Separation of Concerns

From the perspective of separation of concerns, the dedicated queue approach has advantages over the shared queue approach.

These concerns we could separate by using dedicated-queue include:
  • Performance profile and requirements
  • High-availability requirements
  • Service release cycles
Now let's look into each of them, to see how the dedicated-queue approach addresses the separation of concerns differently from the shared-queue approach.

Performance profiles and requirements

First is performance profile and requirements. Some services may have much higher transaction volumes than others. Some services may involve much larger message size. The performance management of the message queues are very different between these performance profiles and requirements. By separating the queues, each queue can be managed individually with minimum impacts to others.

High-availability requirements

Different high availability requirements also lead to different configuration of message queues. Some services is more mission critical than others therefore need to be highly available, which requires whole server migration accompanied by disaster recovery strategy. Others may be able to sustain more down time. The requirements for the HA infrastructure underlying the message queues for these services could be very different. To separate these infrastructures could help you save resources: you only need to invest the resources and capacity to some of the message queues but not all.

Service release cycles

When services share the same message queue but have different release cycles, you need to consider whether the software release cycles of services can interfere with each other.

In the dedicated-queue approach, adding a new service requires the creation of a new queue, but will not cause interruption of the existing services.

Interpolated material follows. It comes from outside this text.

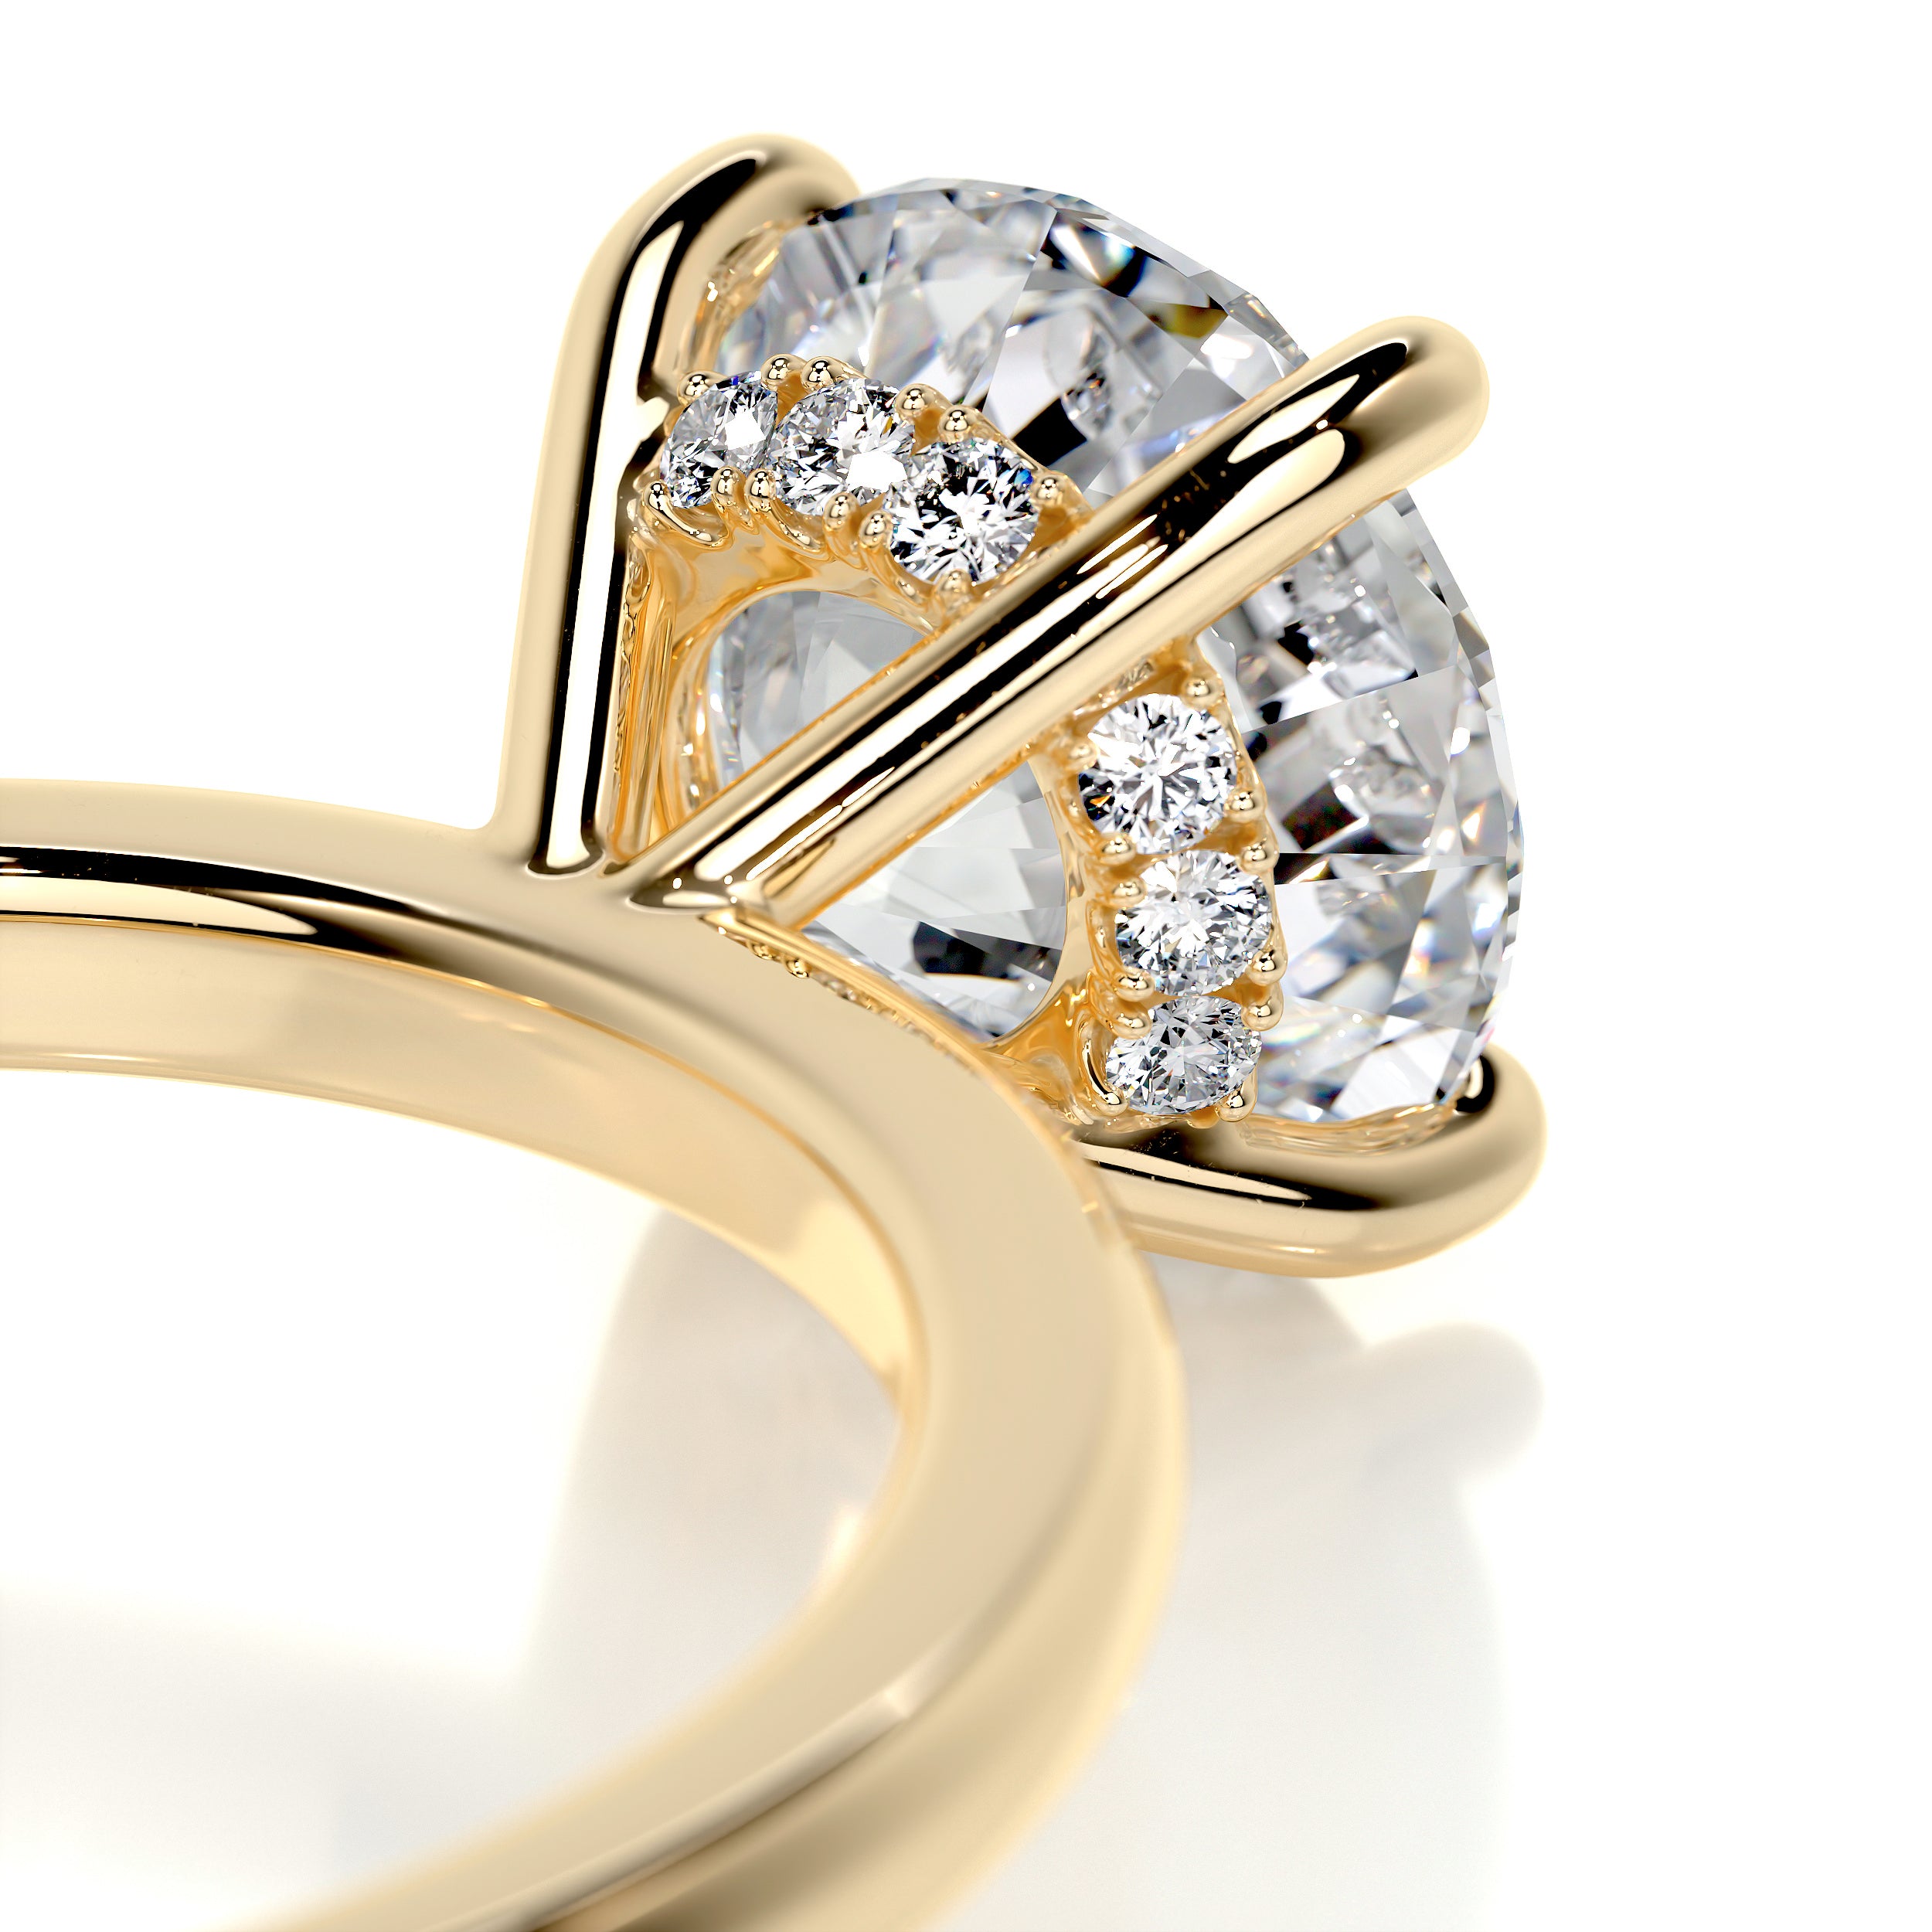 Cynthia Diamond Engagement Ring   (2.1 Carat) -18K Yellow Gold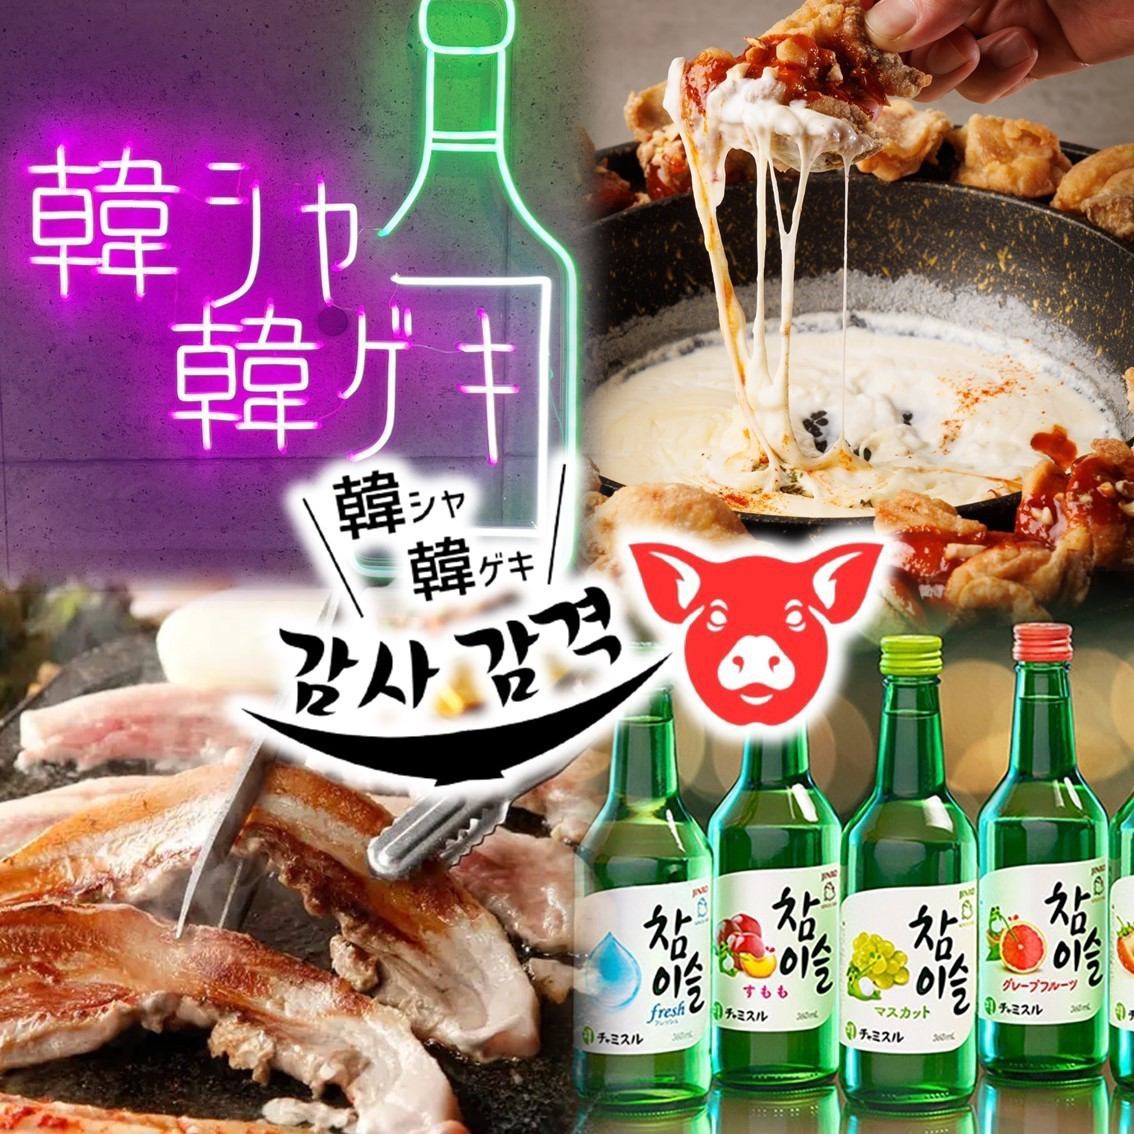 可以享用五花肉、UFO雞等無限量吃喝的韓國居酒屋在薄野開業了☆

The same to renewing/redploying an existing service.

In the shared-queue approach, adding a new service or renewing an existing service could cause interruption to the existing services. These interruptions could happen in the following ways:
  • If you use message selector, the message selection criteria is built into each service independently. Adding a new service typically only involves defining the message selection criteria within the scope of the new service without impacting others. However there could be exceptional cases when you also need to update the message selection criteria of the existing services, especially if there are changes to the semantics of the messages.
  • If you use message routing service, adding a new service may also need to update the centralized routing service it can route messages to the new service. Updating the routing service always cause temporary interruption to the existing services because all services depend on it.
  • If you use message routing service, renewing an existing service in the shared-queue approach could cause interruption to other services as well. For example, if there happen to be a message in the queue that is intended for a service that happens to be brought down, the router service will have no destination to route to and encounter errors. To mitigate this risk, you may want to setup an error queue for the router service to which the router service redirect the messages.

Conclusion

By now, you should be equipped with a framework to evaluate the pros and cons of using dedicated-queue and shared-queue approach, and the best practices for each approach.